Step temp mask n ^ mask
Initial 10 0 -
Iteration 1 5 1 -
Iteration 2 2 3 -
Iteration 3 1 7 -
Iteration 4 0 15 5

Result is 5.

Complexity Analysis

Measure Complexity Explanation
Time O(log n) Each loop iteration shifts temp right, which happens log2(n) times
Space O(1) Only constant variables mask and temp are used

The complexity is efficient because we only iterate over the number of bits in n, which grows logarithmically with the size of the number.

Test Cases

# Provided examples
assert Solution().bitwiseComplement(5) == 2  # "101" -> "010"
assert Solution().bitwiseComplement(7) == 0  # "111" -> "000"
assert Solution().bitwiseComplement(10) == 5 # "1010" -> "0101"

# Edge cases
assert Solution().bitwiseComplement(0) == 1  # special case
assert Solution().bitwiseComplement(1) == 0  # single-bit number
assert Solution().bitwiseComplement(2) == 1  # "10" -> "01"

# Large numbers
assert Solution().bitwiseComplement(999999999) == 295279706  # test high end of constraint
Test Why
5 Normal small odd number
7 All ones in binary, result is zero
10 Even number with alternating bits
0 Edge case for zero
1 Single-bit number edge case
2 Smallest multi-bit number
999999999 Large number stress test

Edge Cases

  1. n = 0: The binary is a single 0. A naive implementation flipping bits of zero might return zero, but the complement should be 1. Our solution explicitly handles this case.
  2. n is a power of two minus one: Numbers like 1, 3, 7, 15 are all ones in binary.

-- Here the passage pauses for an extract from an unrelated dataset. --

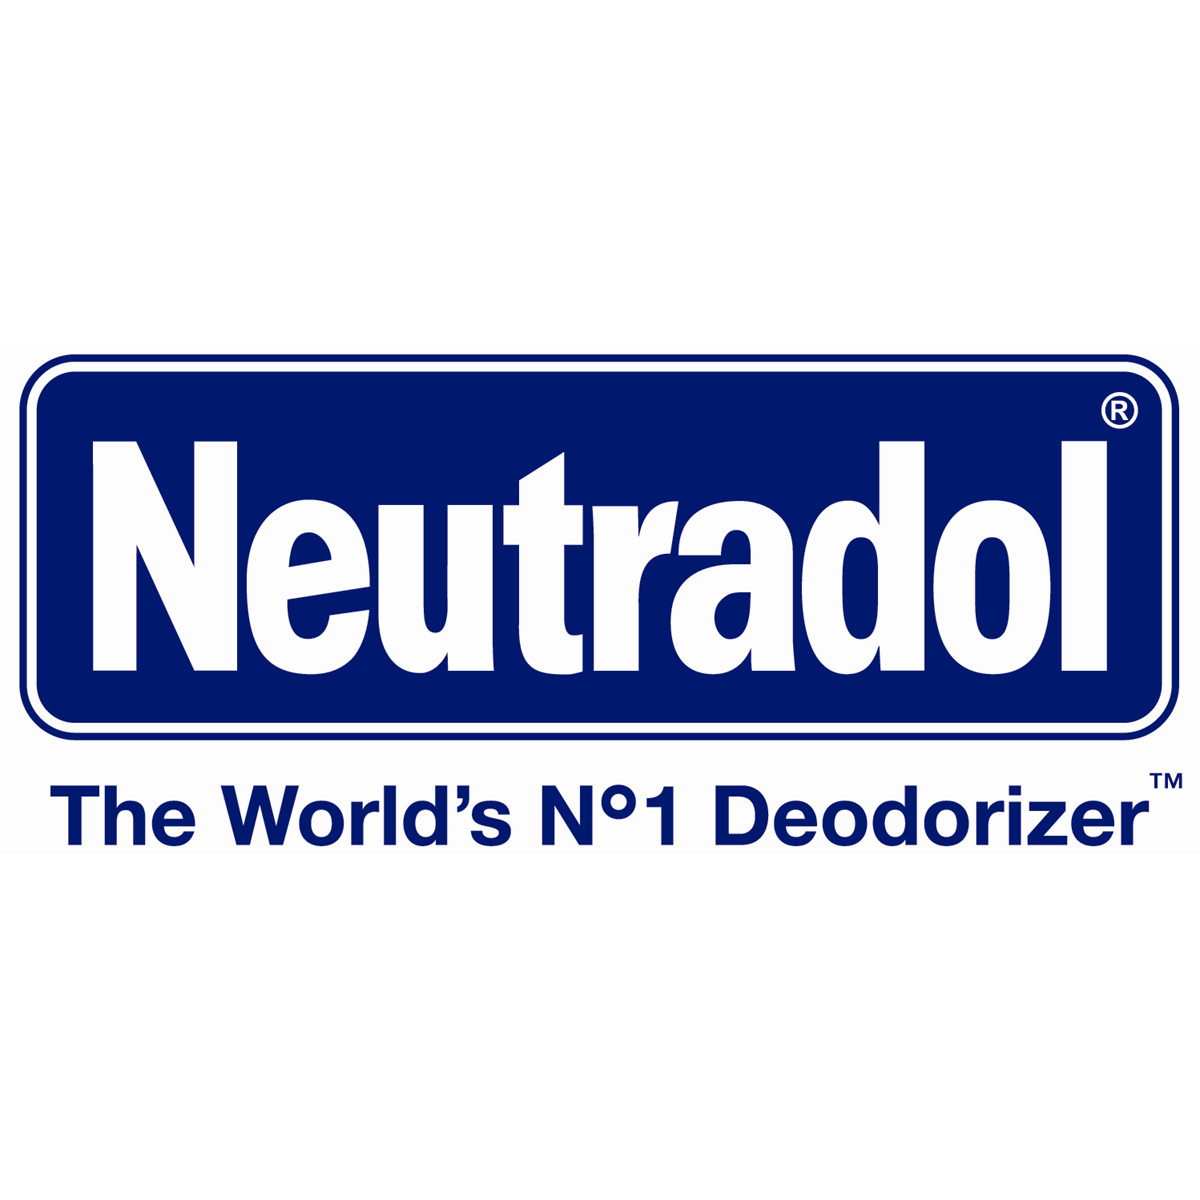 Where to Buy Neutradol Products

Flipping their bits produces 0. This tests that the mask construction correctly accounts for numbers with no zeros in their binary representation.
  3. Large numbers: Numbers close to 10^9 test that the solution handles many bits efficiently and does not rely on string conversion or recursion, which could be slow or memory intensive. The bitwise method handles this gracefully.